While the banks are still addressing the transformative challenges of digitising services and undertaking large-scale modernisation of obsolete architectures of their core systems, gaining a competitive advantage in adopting emerging technologies such as artificial intelligence (AI), blockchain and cloud can only be possible if the innovation effort goes hand in hand with rigorous quality evaluation of the underlying technology platforms. To achieve that, the software testing approach needs to be developed in such a way that it augments innovation efficiency by covering more system aspects while concurrently reducing the timeframes of test execution and results interpretation within testing cycles. With AI on the rise, the question translates into finding a way to enhance the software testing strategy for banking technology with novel techniques, ensuring the preservation or even enhancement of the confidence level of technology solutions.

Technology innovation in banking: challenges and opportunities

Digital transformation

As ‘many banks today continue to rely on outdated legacy technology that is costly to maintain or upgrade’,² the need for a transformational shift is obvious. As industry players shape their modernisation strategies, it is crucial to prioritise the right thing. Although emerging technologies are often viewed ‘as a means to meet increased customer expectations’,³ their true potential is in adoption at the core level, extending beyond customer-facing or revenue-generating facets of the business, when the digital transformation effort results in a ‘holistic DT [digital transformation] framework with applied examples along the end-to-end digital maturity spectrum’.⁴

Such an objective proves challenging, as in many banks substantial changes are still required for core banking technology platforms. In its recent survey, Finastra highlights that, despite various banks launching digitisation initiatives, these efforts tend to be ad hoc in nature and often result in ‘digital islands [that] are not connected across the broader trade ecosystems’.⁵

With the adoption of new technology and the overhaul of technology stacks, however, unprecedented opportunities arise for both individual organisations and the banking industry at large.
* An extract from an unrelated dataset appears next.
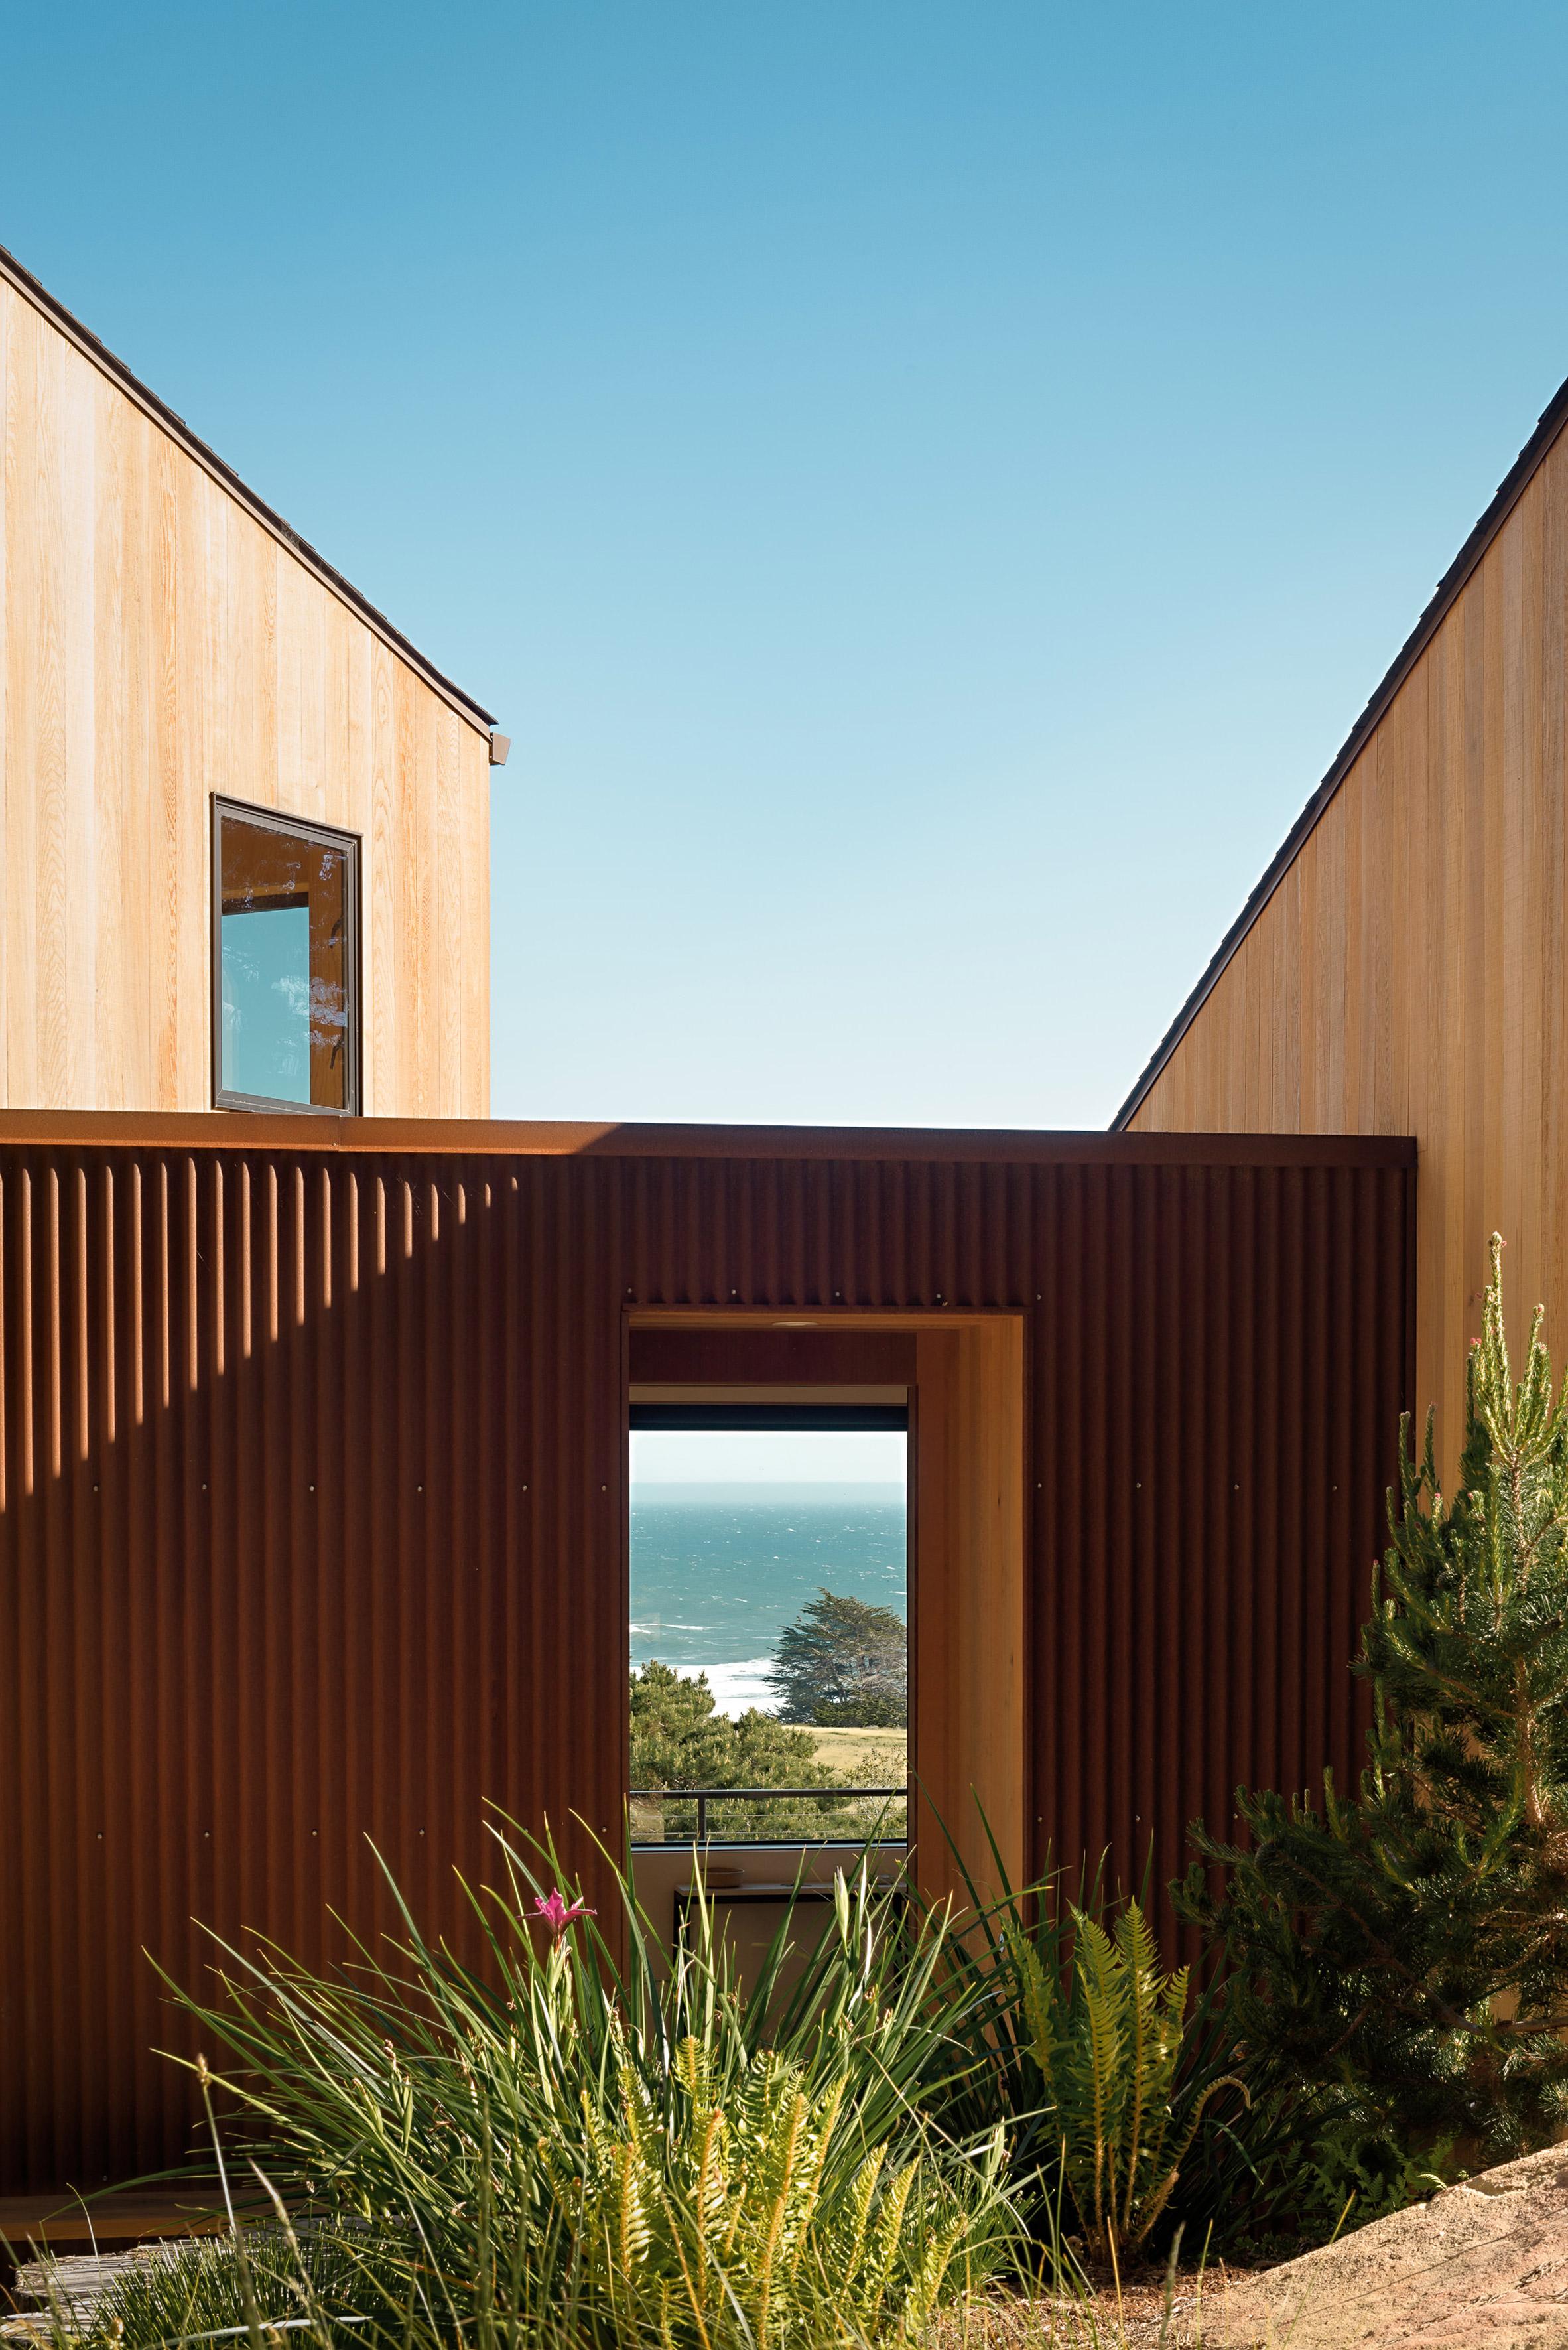 nhà bên biển coastal-retreat-malcolm-davis-architecture-sea-ranch-sonoma-county-califorinia-relaxing-space-elledecoration vn 4

According to a recent research by McKinsey and Company, ‘Modernization of banks’ technology stacks can reduce operating costs by 20–30 per cent and halve time to market for new products’.⁶This transformative potential underscores the significant benefits awaiting entities that embrace technological advancements and streamline their operational frameworks.

Moreover, the regulatory aspect and its technology implications serve as yet another catalyst for innovation. According to the Basel III explainer by EY, the implementation of the new Basel framework brings significant changes that will require banks to make ‘front-to-back investments in their technology infrastructure’.⁷ On a positive side, larger banks can leverage these requirements to modernise their capital infrastructure, which underscores the vital role of regulatory demands in stimulating technological innovation across the banking sector, transcending mere market dynamics.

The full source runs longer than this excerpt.